Wir hatten fast jeden Abend, ab etwa ungefähr 22:30 Uhr, einen Stromausfall. Dies bedeutete, dass wir über mehrere Stunden, meist 4-6 Stunden, keinen Strom hatten. Es war die Hölle, denn in Deutschland habe ich das noch nie erfahren. Klar habe ich schon mal einen Stromausfall erlebt, aber im (fast) täglichen Takt?!! Das war schon viel. Zu den unangesagten Stromausfällen, kamen dann auch noch die monatlichen Wartungsarbeiten dazu. An den Tagen hatte man dann meist von 8:00-17:00 Uhr keinen Strom.
Wir saßen dann am Abend oft mit Kerzen auf der Terrasse, denn innen war es ohne Ventilator und Klimaanlage viel zu warm. Unter diesen tropischen Bedingungen war das Schlafen auch nicht so einfach. Das war dann ein langes Hin- und Herwälzen bis man dann einschlafen konnte.
Die Frustration baute sich langsam auf, aber auch eine gewisse Traurigkeit beschlich mich zugleich. Da es wirklich wunderschön ist in Dauin und da auch die Kollegen, mein Chef und auch die Menschen, denen ich begegnen durfte, einfach supernett waren, hatte ich mit der Situation sehr zu nagen. Ich hatte meinen Arbeitsplatz direkt am Strand und unser kleines Apartment war auch nur ein 2-Minuten-Fußweg vom Meer entfernt. Ich habe oft an vergangene Gespräche mit meinen Kumpels in der Jugend gedacht. Wer kennt denn das nicht? Man träumt gemeinsam von so einem Leben am Strand. Leider haben, in all diesen Träumereien, die Stromausfälle gefehlt, sonst hätte ich mich wohl besser darauf einstellen können. Die Situation war extrem hart, weil ich auf der einen Seite eine tolle Arbeitsstelle gefunden habe, die mir Spaß machte, und auch das Arbeitsklima, unter den Kollegen, war einfach sensationell. Auf der anderen Seite, habe ich, verwöhnter Kerl aus dem Unterland, Zweifel bekommen, dass ich unter den gegebenen Umständen, mit ständigen Stromausfälle und den immer stärker werdendes Heimweh, glücklich werden würde.
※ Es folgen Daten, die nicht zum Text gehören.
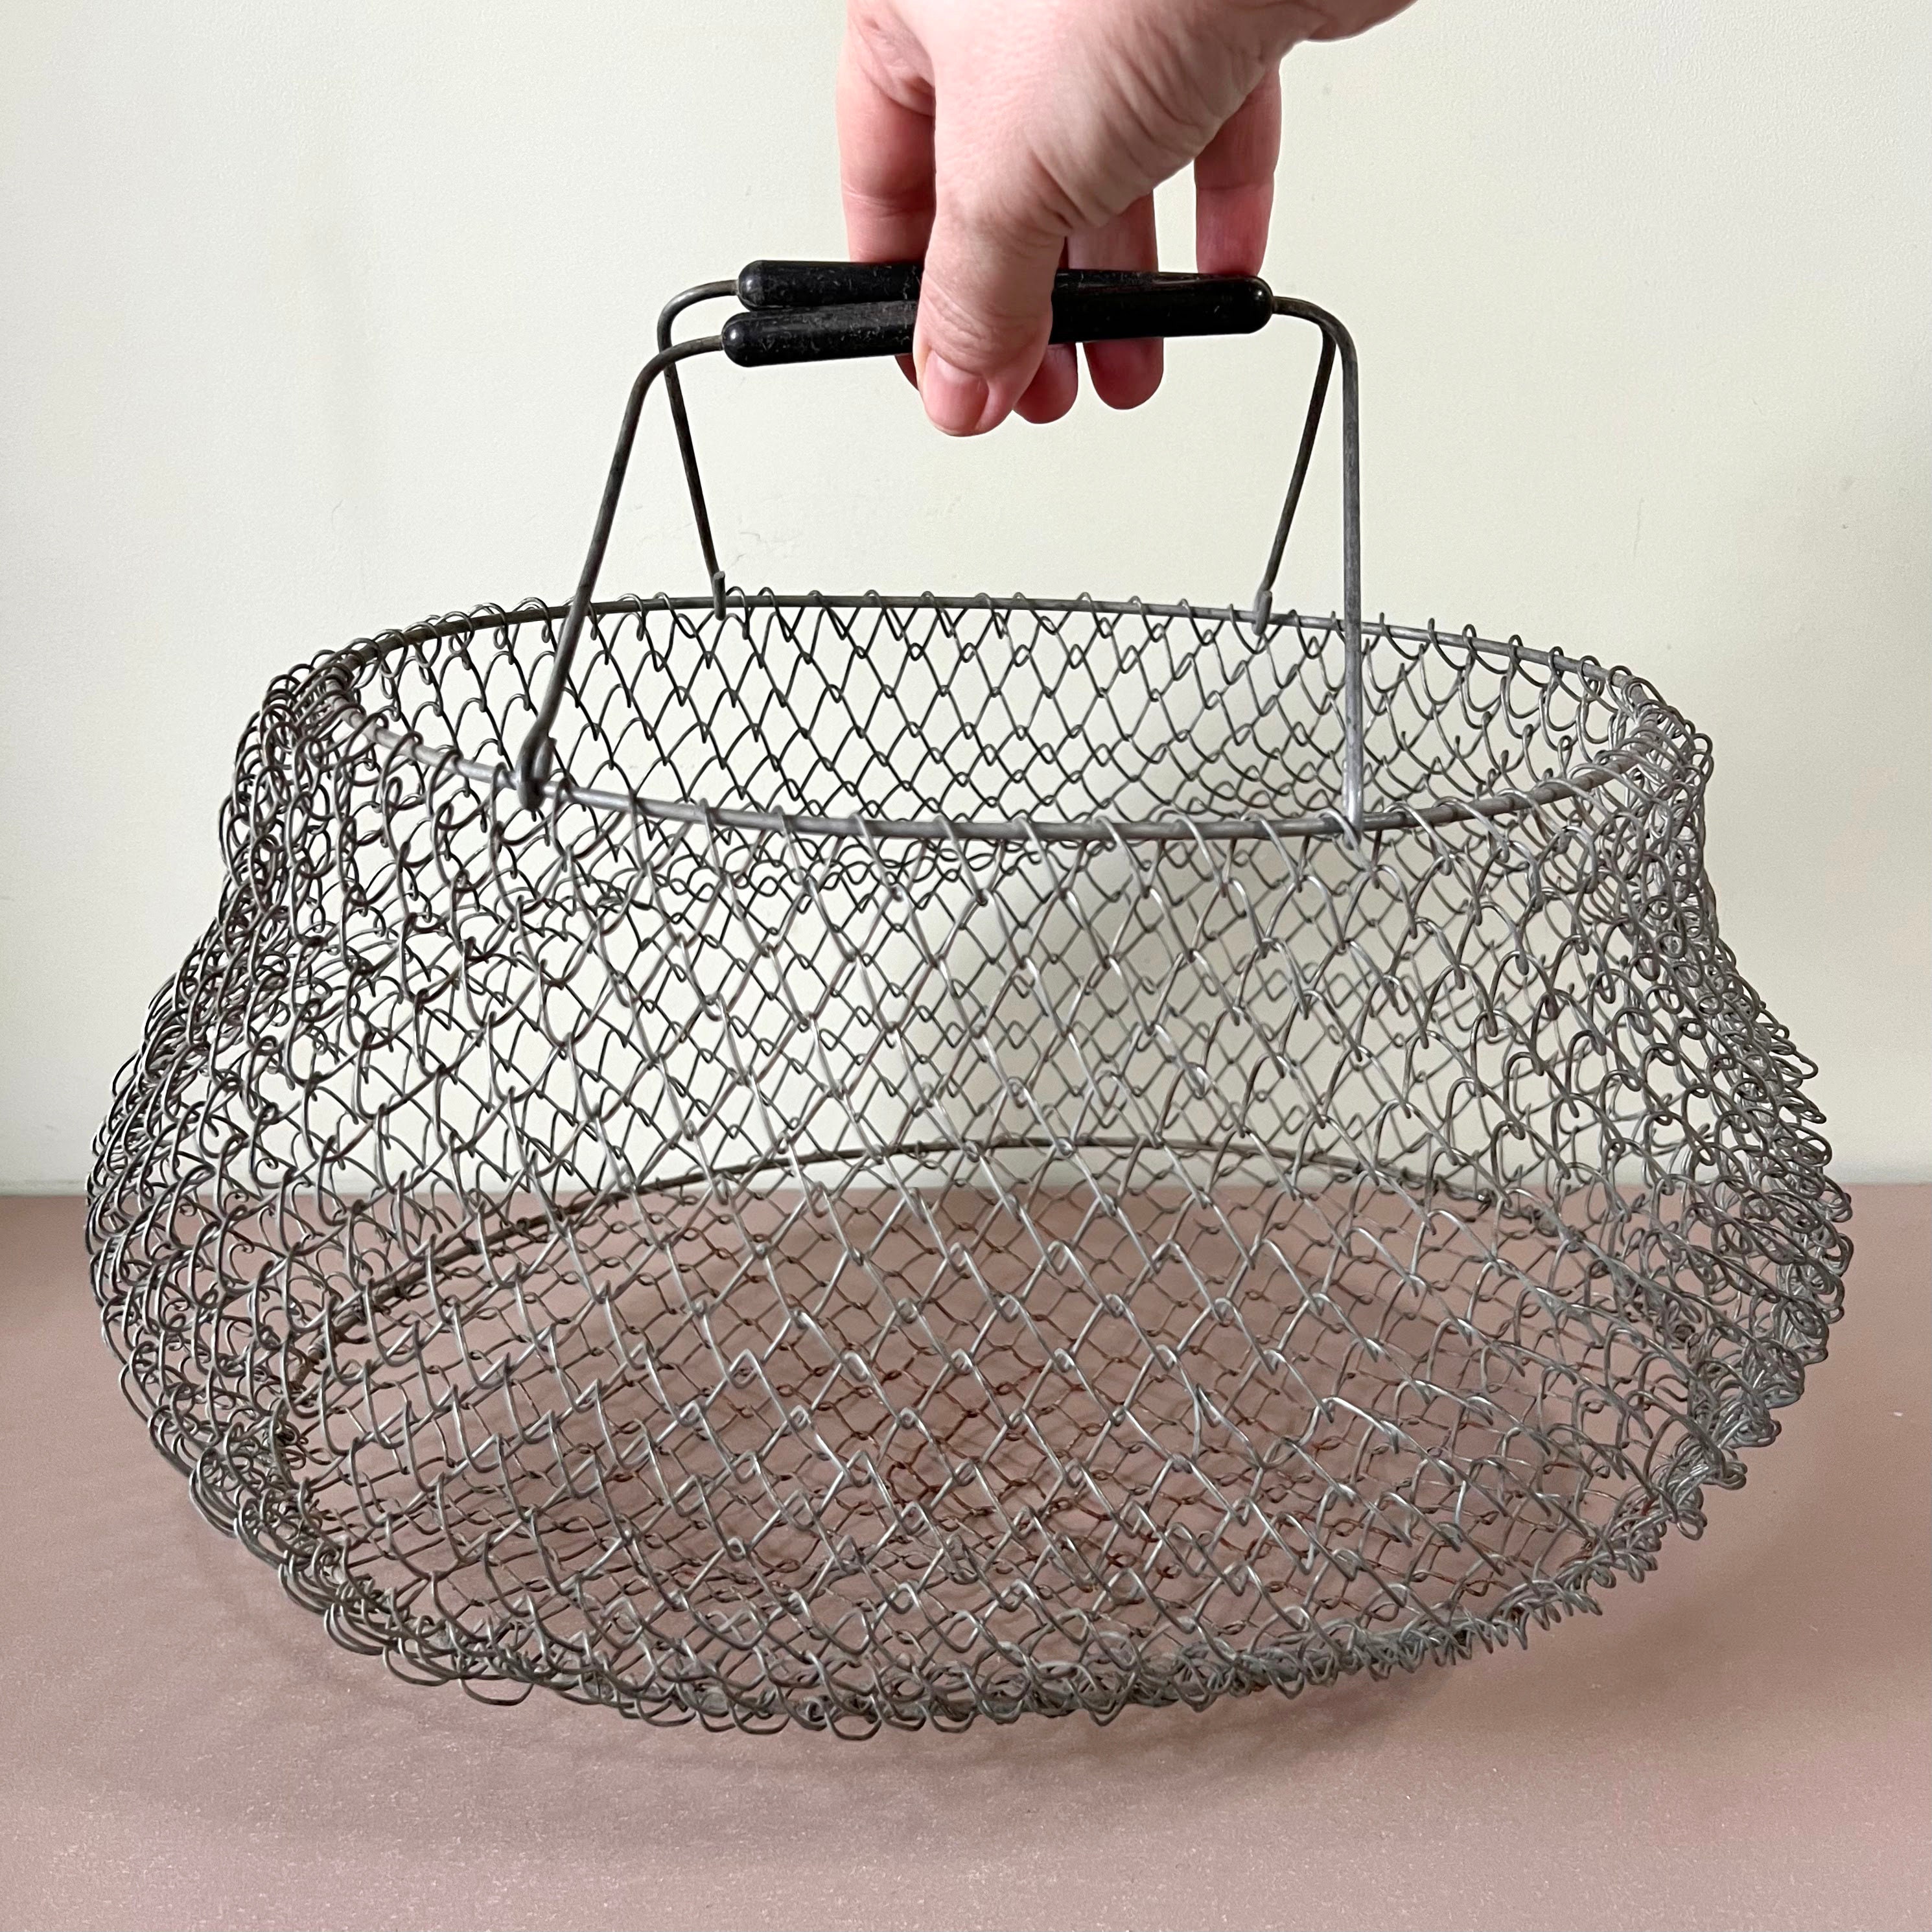 Mesh Fish Basket 
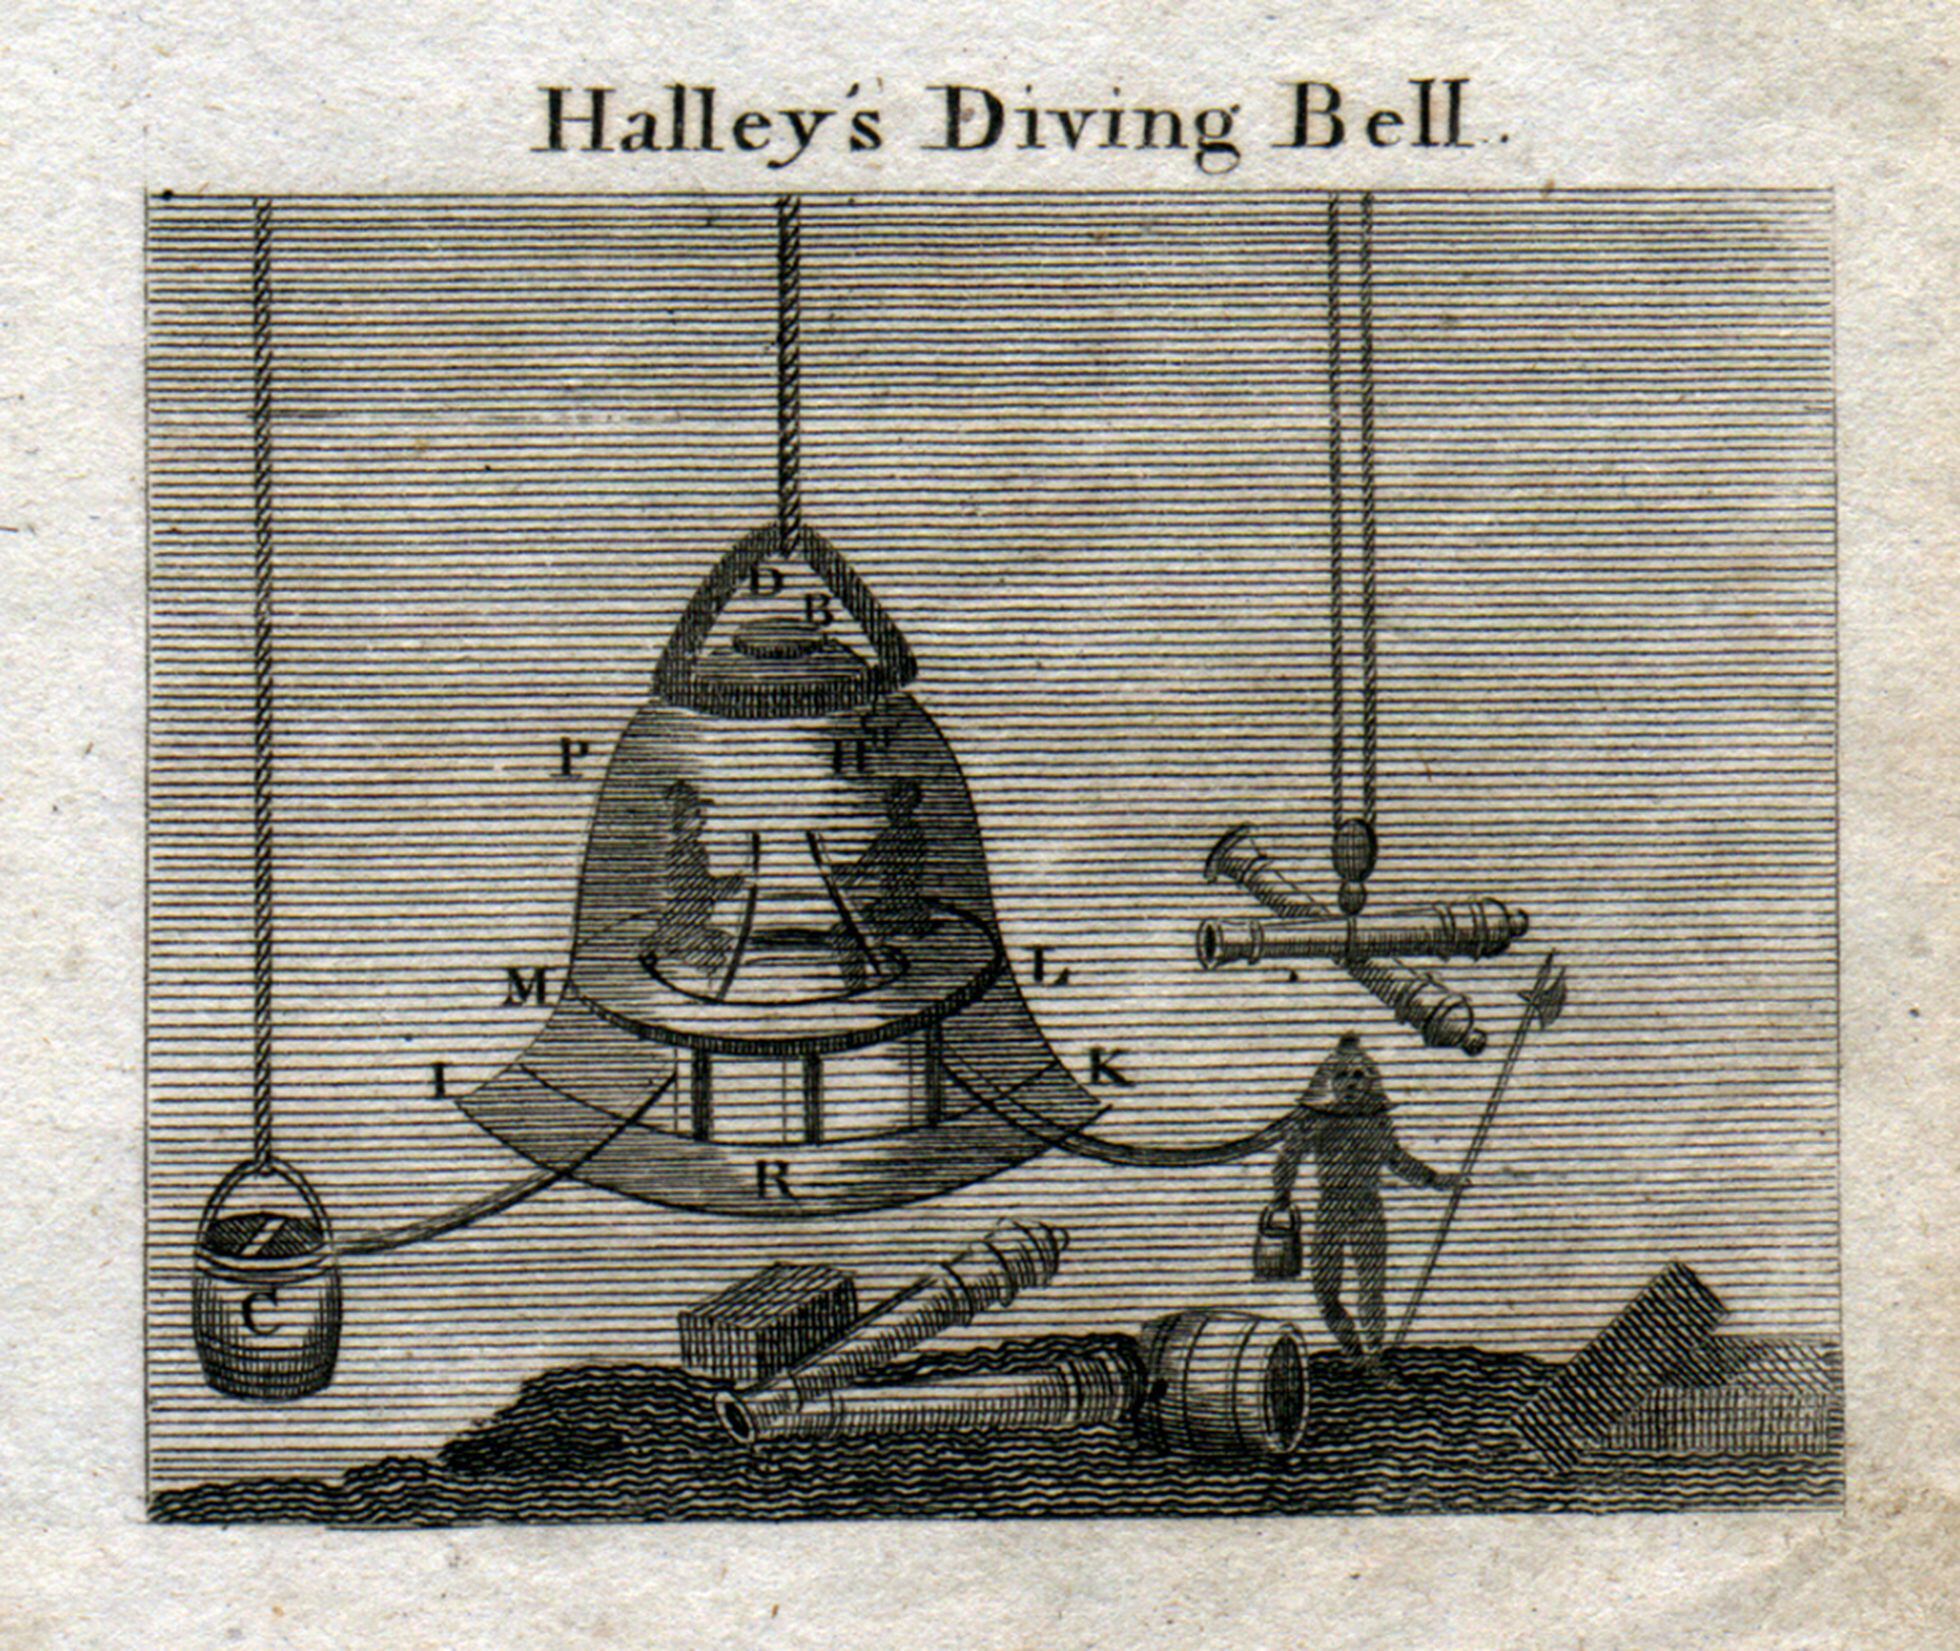 Водолазный колокол содержащий 6 моль. Эдмонд Галлей водолазный колокол. Водолазный колокол Леонардо да Винчи. Водолазный аппарат 1871 Лодыгин.

Doch Schlußendlich haben die positiven Dinge überwogen und ich habe endlich begonnen, einfach die Schönheit der Insel zu schätzen. Diese Phase meines Lebens lehrte mich, dass man auch mit einem simplen Lebensstil glücklich sein kann. Wir, in Deutschland, haben oft das Gefühl, dass etwas fehlt, stattdessen sollten wir (öfters) über die Dinge dankbar sein, die man schon hat. Natürlich bin ich dessen auch schuldig und das war auch sicherlich der Hauptgrund, warum ich das Paradies wieder verlassen wollte. Rückblickend bin ich schon froh, dass ich dies nicht gemacht habe und ich es über die ersten Hürden geschafft habe. Denn das "einfache Leben" war unheimlich gut für meine Seele und es lehrte mich so viel über mich selbst, aber auch über das Leben im Allgemeinen. Natürlich hat es auch geholfen, dass die Stromausfälle, relativ schnell, von täglich, zu wöchentlich, und dann zu monatlich reduziert wurde.
Ja, ich gebe es zu - Ich bin, trotz neu gefundener Bodenständigkeit, tief drinnen, immer noch ein bisschen der verwöhnte Kerl vom Unterland. So ganz ohne Internet und Fortschritt würde es dann doch schwierig werden. Aber ich bin auch lebender Beweis dafür, dass manchmal weniger, sehr viel mehr für dich machen kann.
Im nächsten Teil werde ich euch dann von meiner Arbeit erzählen. Ich habe ja schon die ersten Eindrücke mit euch geteilt. Beim nächsten Mal, kommen noch sehr viele lustige Anekdoten, rund um meine Kollegen, dazu. Auch werde ich euch verraten, wie mich mein Job, in einem anderen Land, zu einem besseren Gastronomen, aber auch zu einem besseren Menschen gemacht hat.
Danke für euer Interesse. Bis zum nächsten Mal!